## Exercise description
Please set down only the lines below starting with the line with "Do not bring African swine fever to Finland" and going on through the line with "Senior Airman Anelle", verbatim and without pictures.

## Supplied records
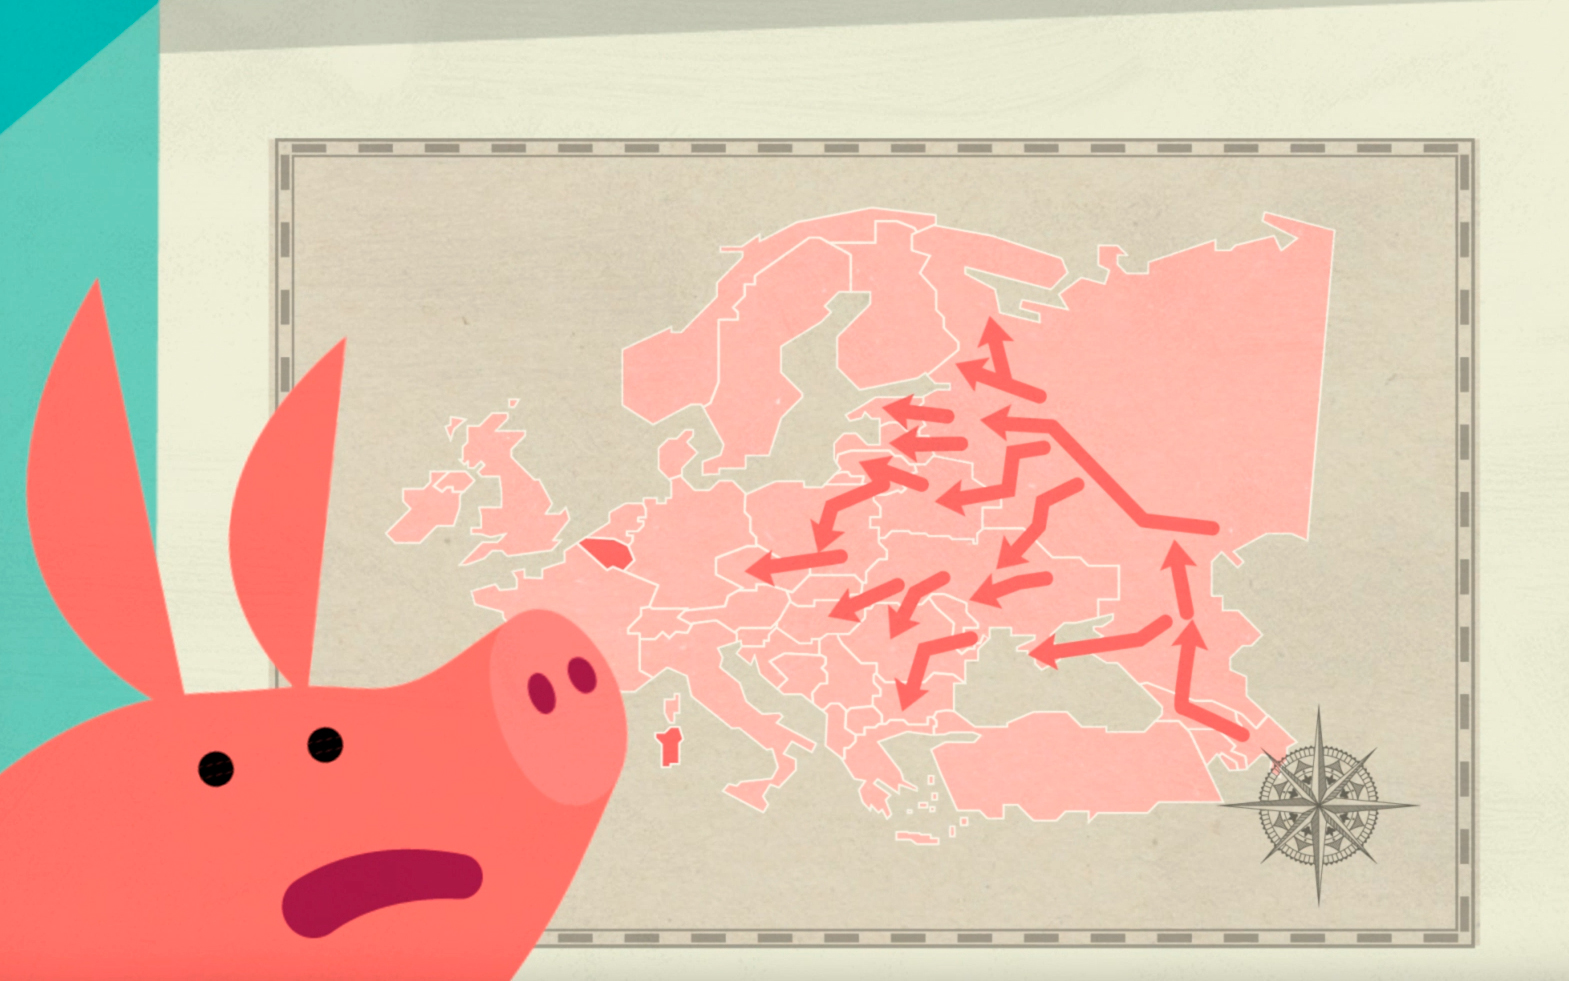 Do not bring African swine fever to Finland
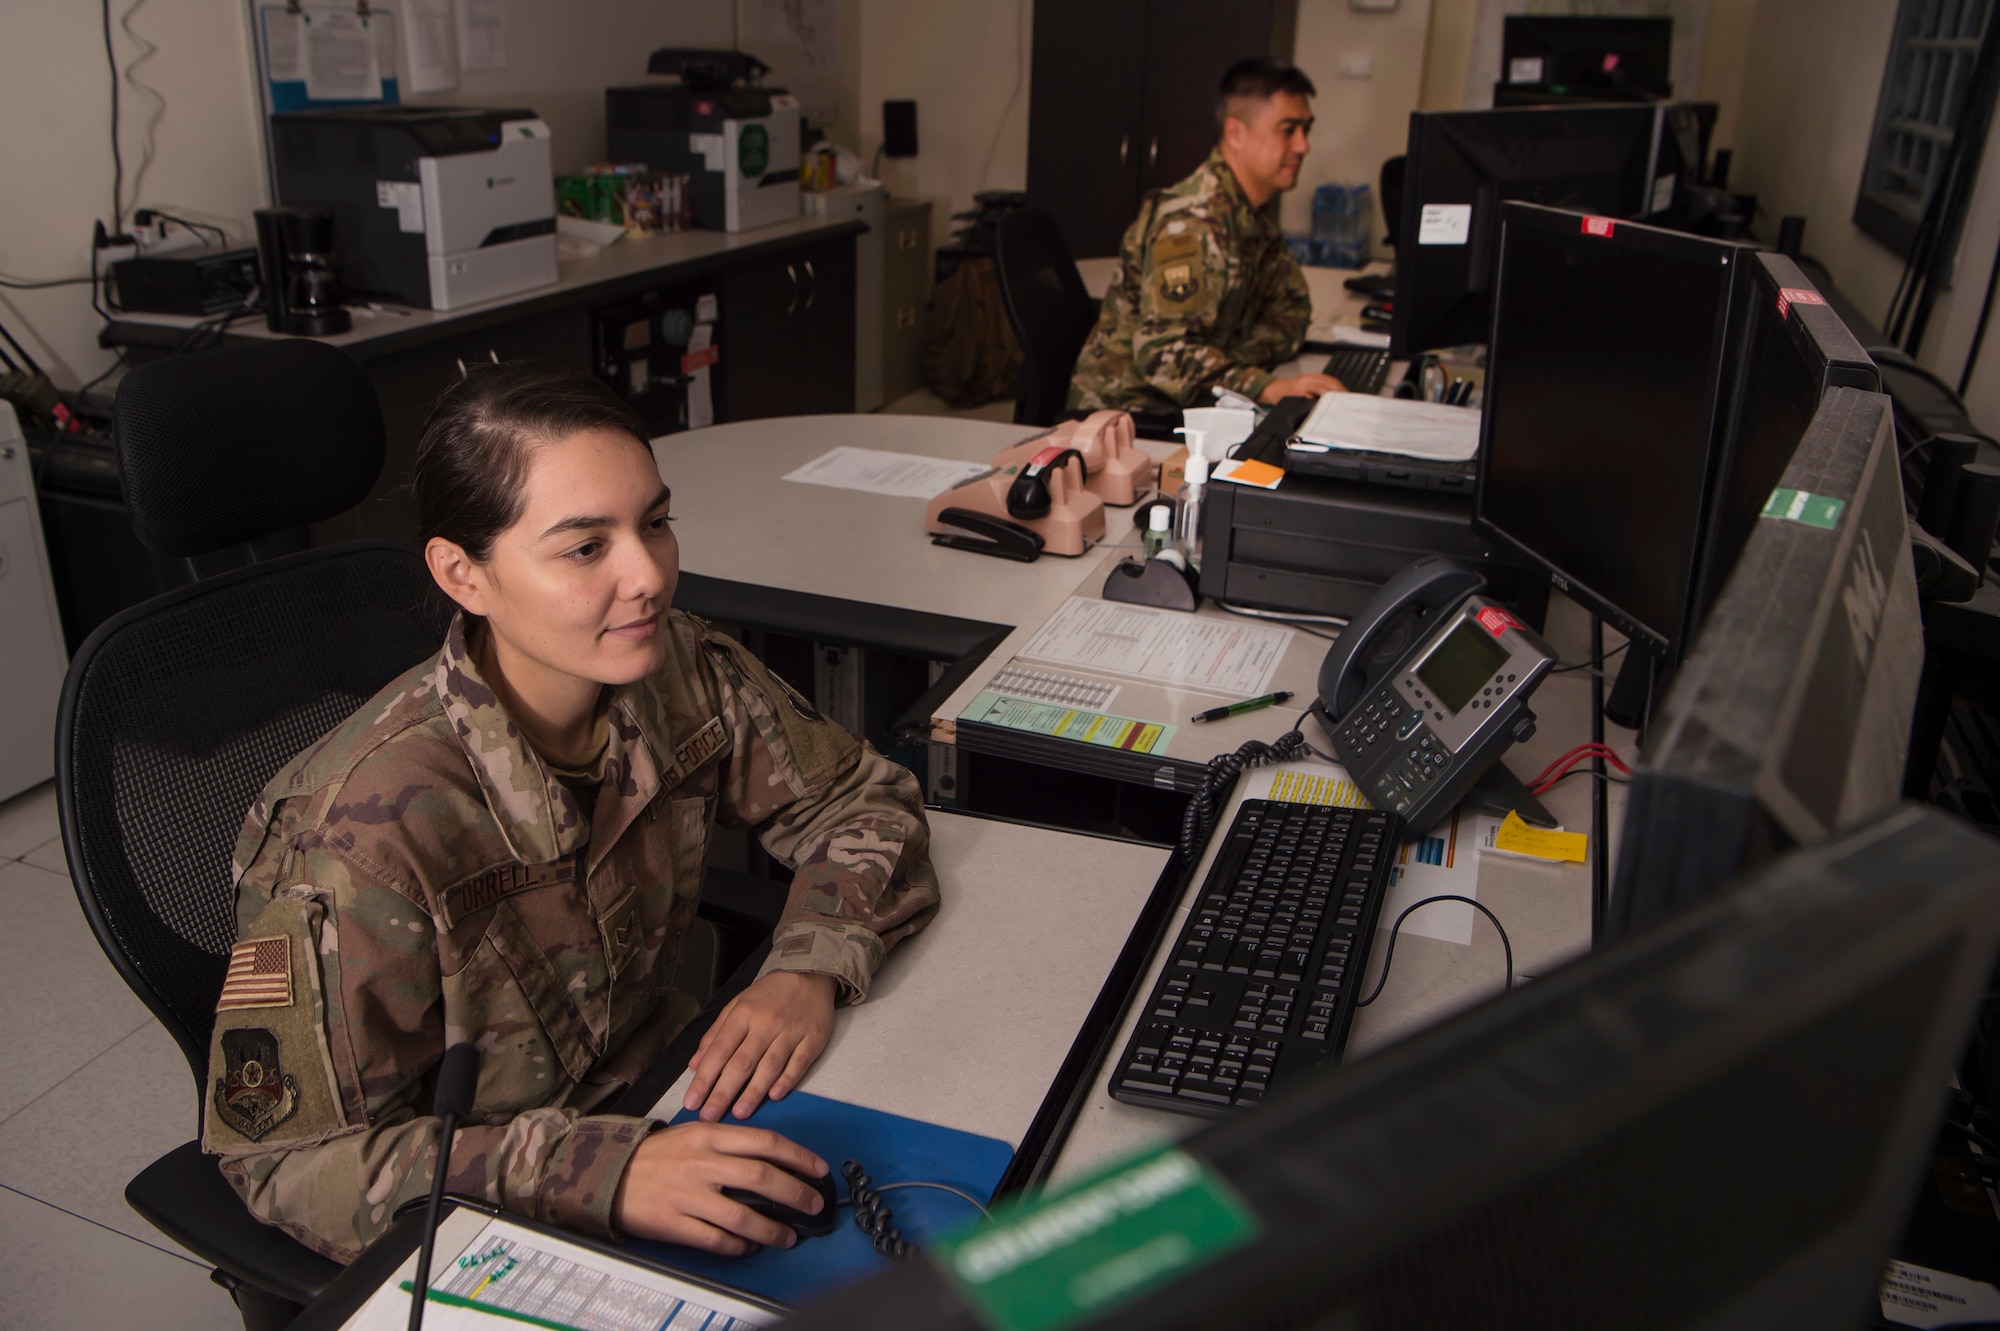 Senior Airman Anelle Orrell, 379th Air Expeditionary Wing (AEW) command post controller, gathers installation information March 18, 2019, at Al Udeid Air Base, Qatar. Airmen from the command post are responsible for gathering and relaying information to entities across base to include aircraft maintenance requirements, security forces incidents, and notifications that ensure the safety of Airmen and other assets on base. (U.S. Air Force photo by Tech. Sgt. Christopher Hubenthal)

* * *

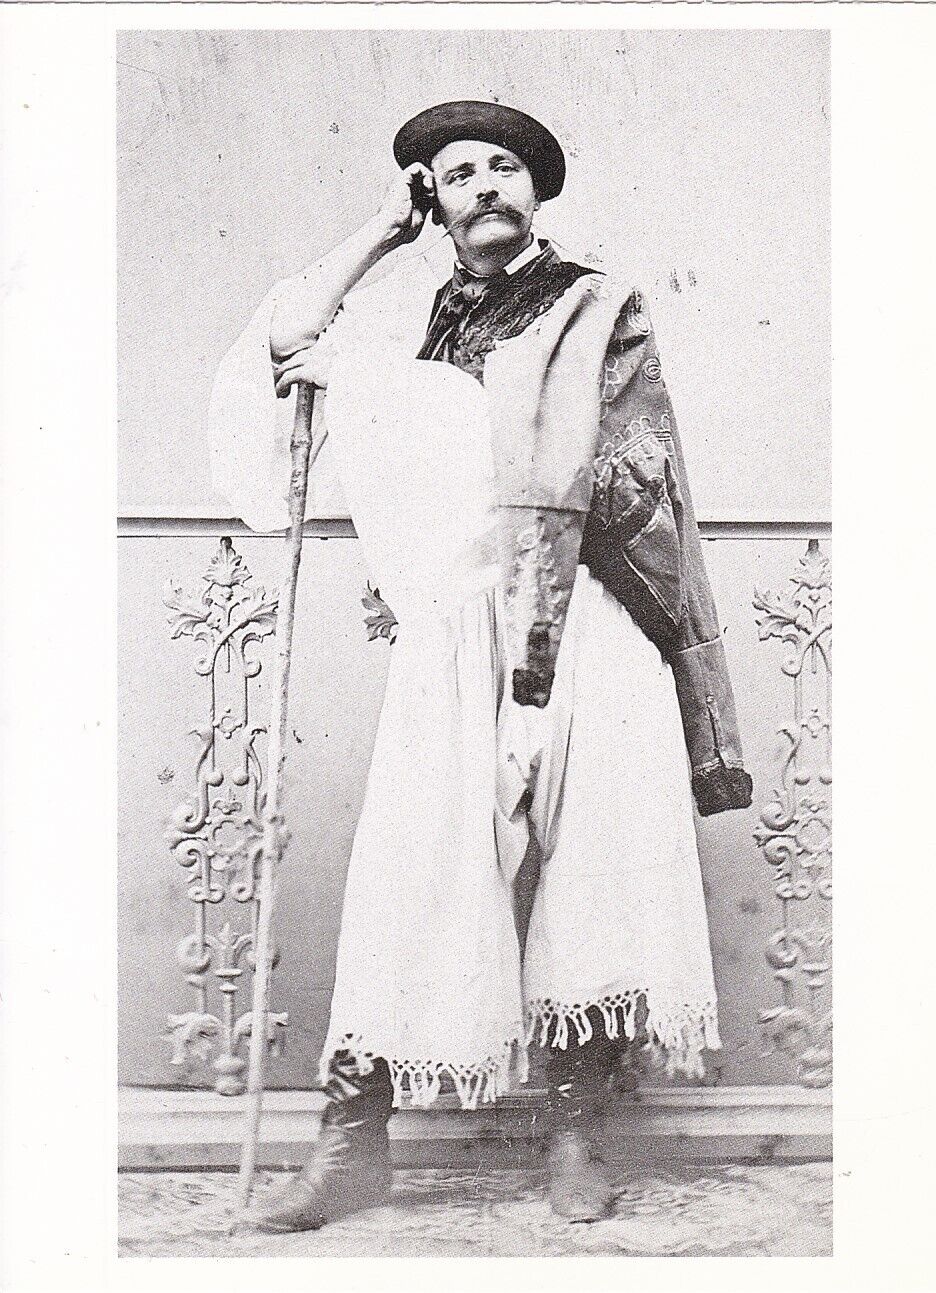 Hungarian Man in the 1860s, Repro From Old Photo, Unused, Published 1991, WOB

## Answer to this task
 Do not bring African swine fever to Finland
 Senior Airman Anelle Orrell, 379th Air Expeditionary Wing (AEW) command post controller, gathers installation information March 18, 2019, at Al Udeid Air Base, Qatar. Airmen from the command post are responsible for gathering and relaying information to entities across base to include aircraft maintenance requirements, security forces incidents, and notifications that ensure the safety of Airmen and other assets on base. (U.S. Air Force photo by Tech. Sgt. Christopher Hubenthal)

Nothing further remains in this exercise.